--- DATASET SECTION Enclosed Below ---
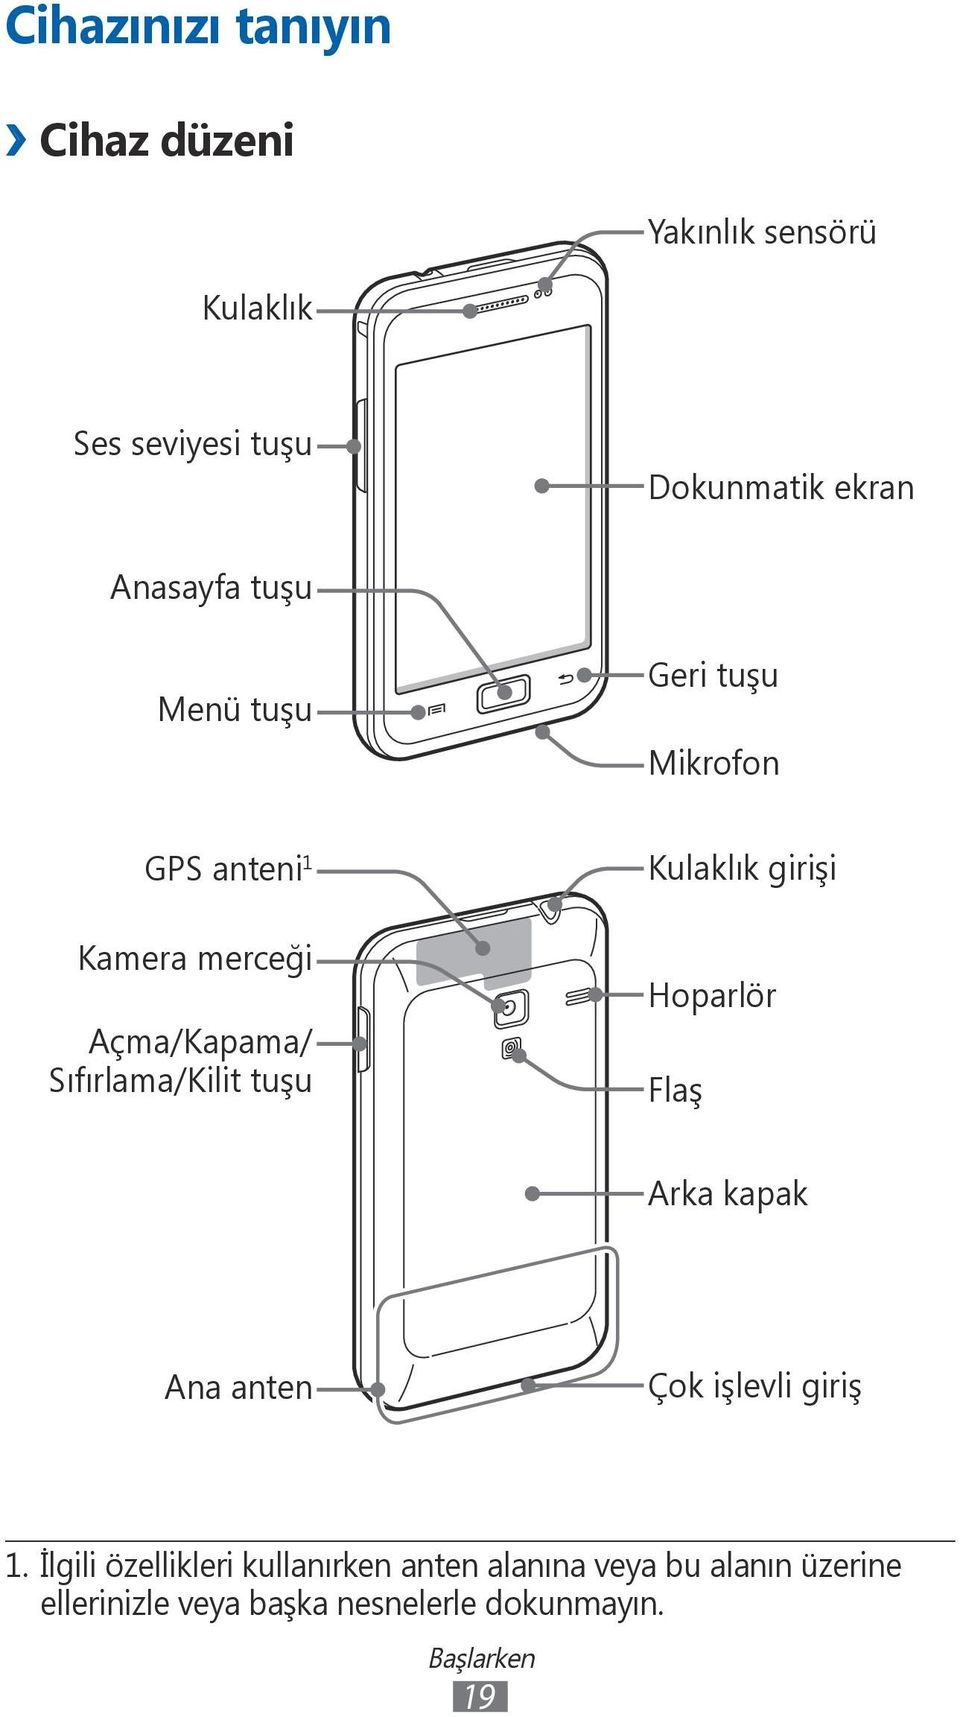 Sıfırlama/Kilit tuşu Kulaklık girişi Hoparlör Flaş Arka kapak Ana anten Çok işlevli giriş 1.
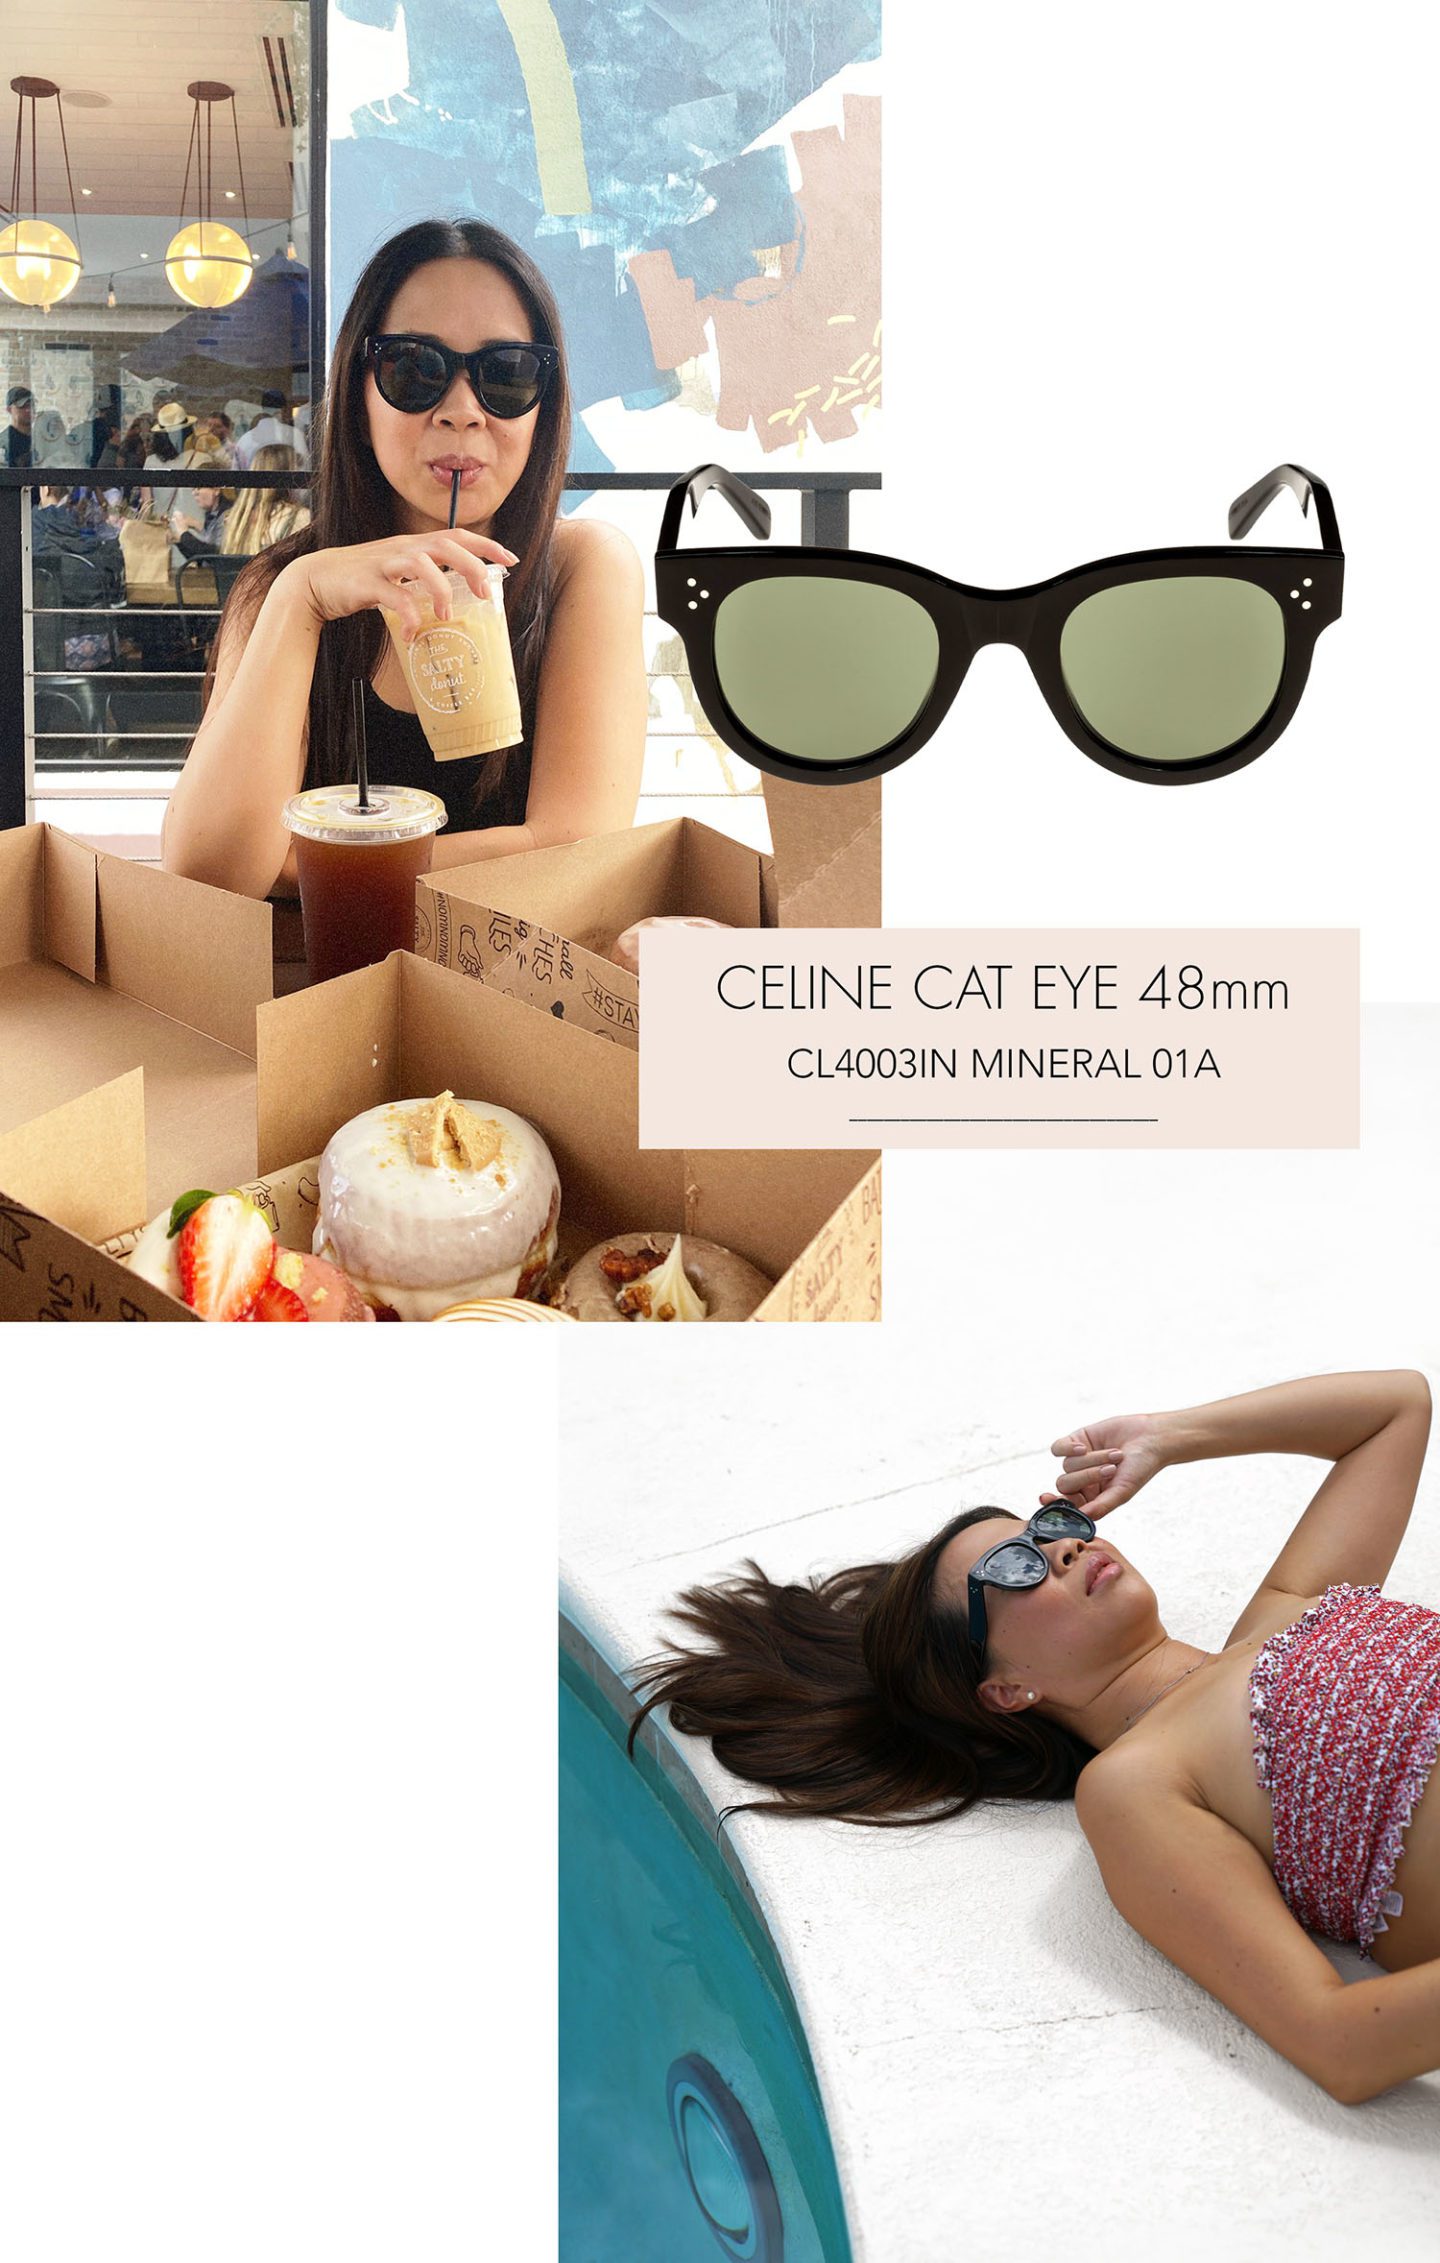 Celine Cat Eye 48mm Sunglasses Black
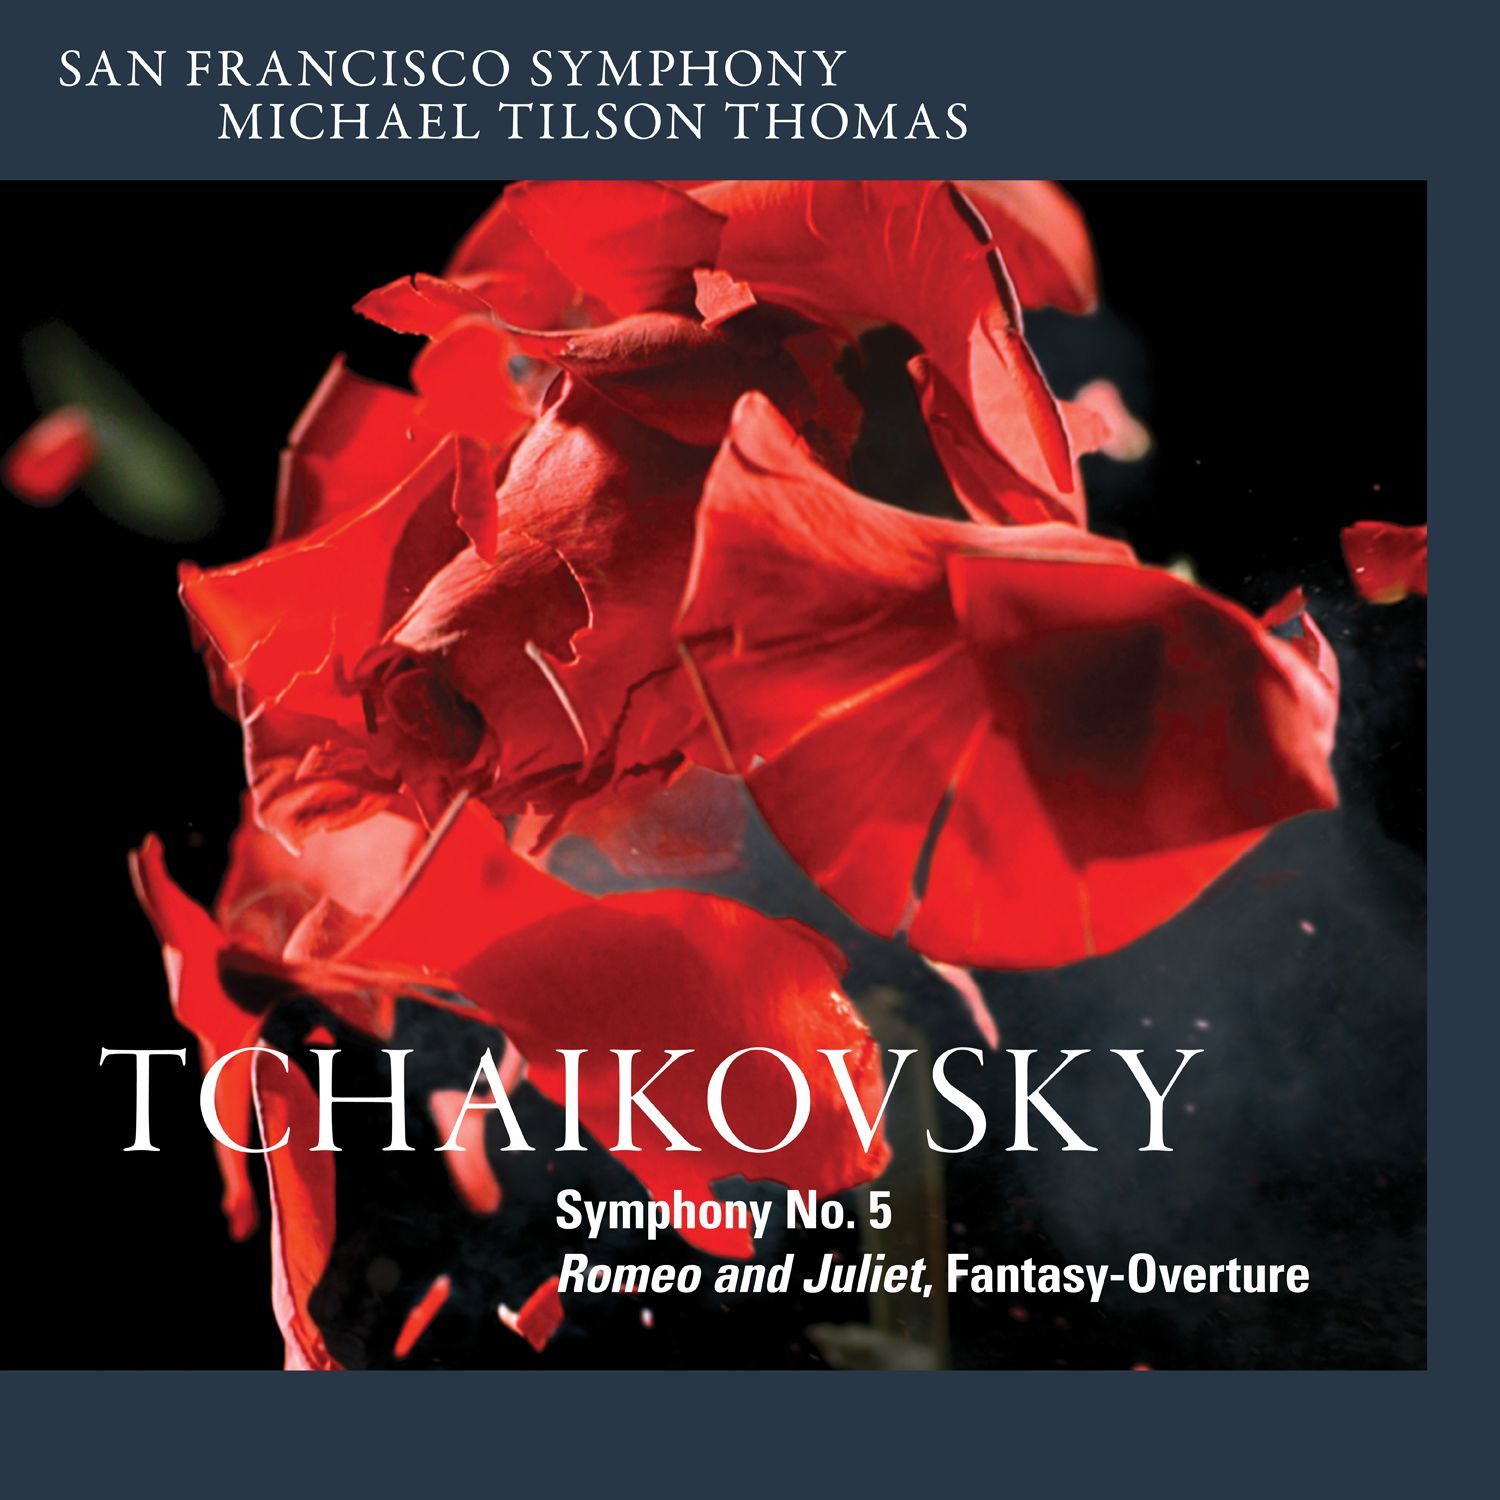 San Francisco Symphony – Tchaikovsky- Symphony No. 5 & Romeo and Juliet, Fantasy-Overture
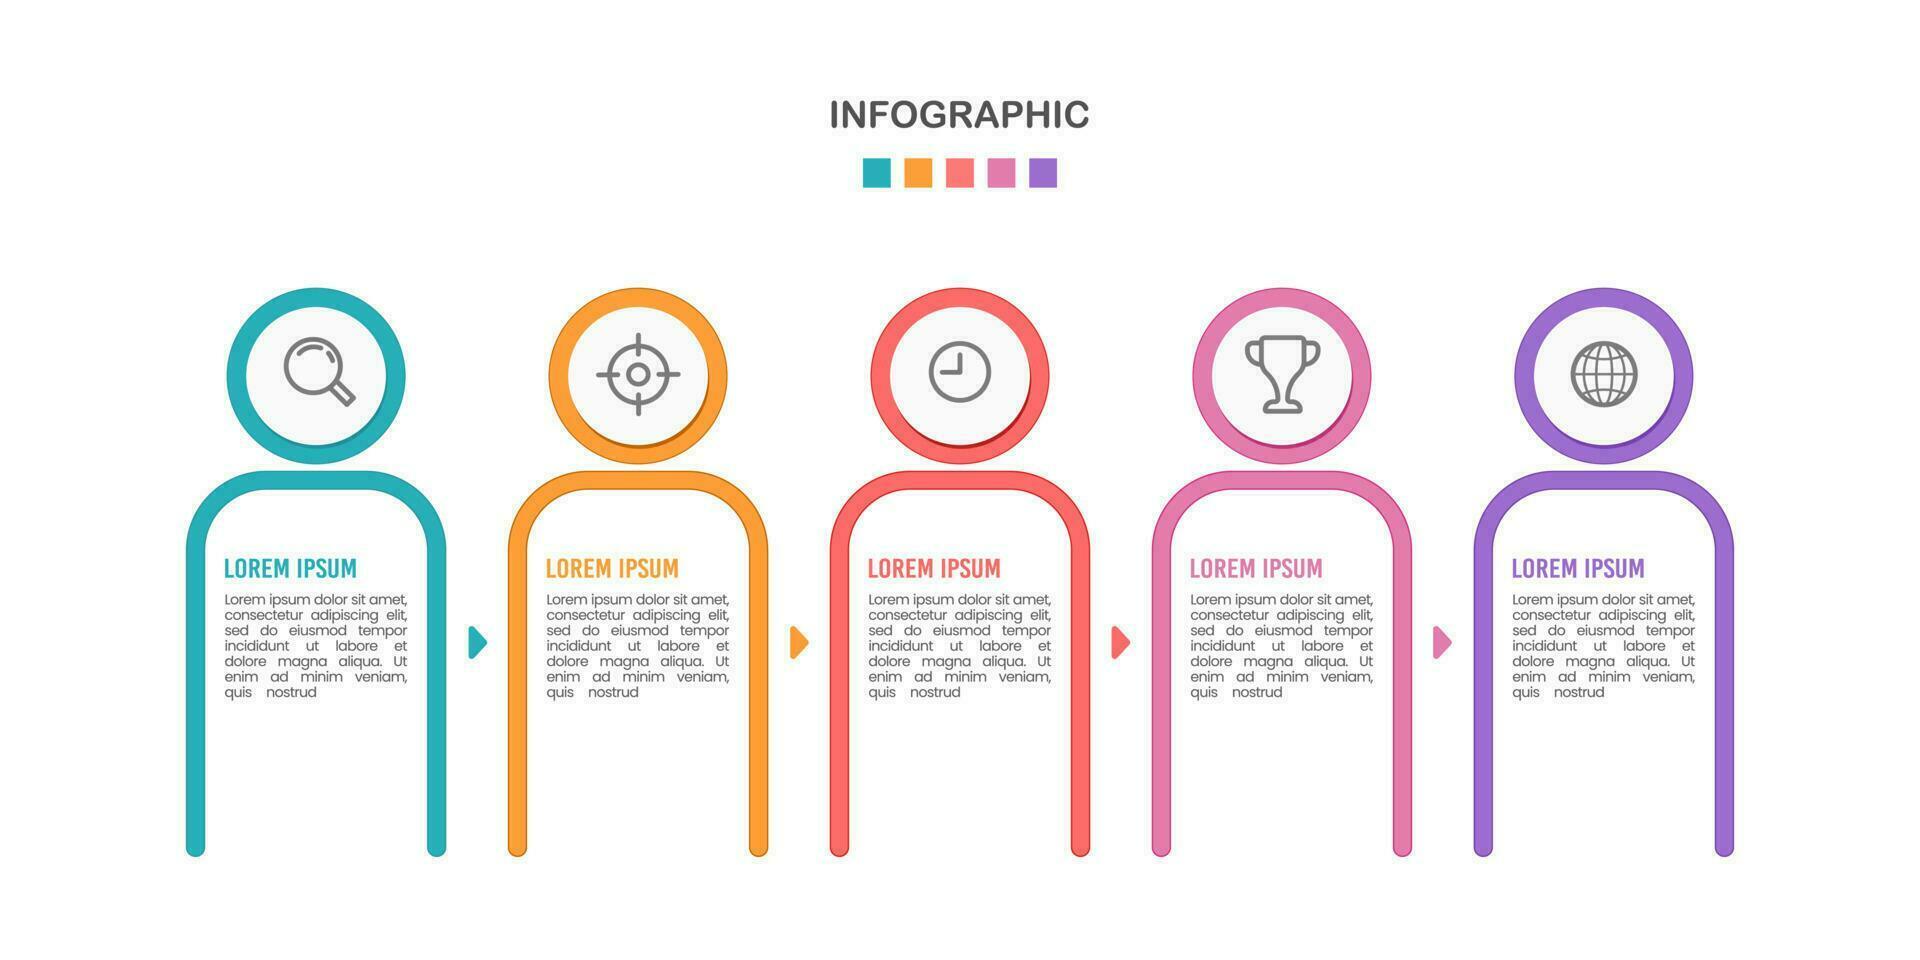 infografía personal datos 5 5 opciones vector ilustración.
--- End of Enclosed DATASET SECTION ---
* TASK BRIEF:
Hand back the data above exactly, leaving out all pictures.

* COMPLETED TASK:
 Sıfırlama/Kilit tuşu Kulaklık girişi Hoparlör Flaş Arka kapak Ana anten Çok işlevli giriş 1.
 Celine Cat Eye 48mm Sunglasses Black
 San Francisco Symphony – Tchaikovsky- Symphony No. 5 & Romeo and Juliet, Fantasy-Overture
 infografía personal datos 5 5 opciones vector ilustración.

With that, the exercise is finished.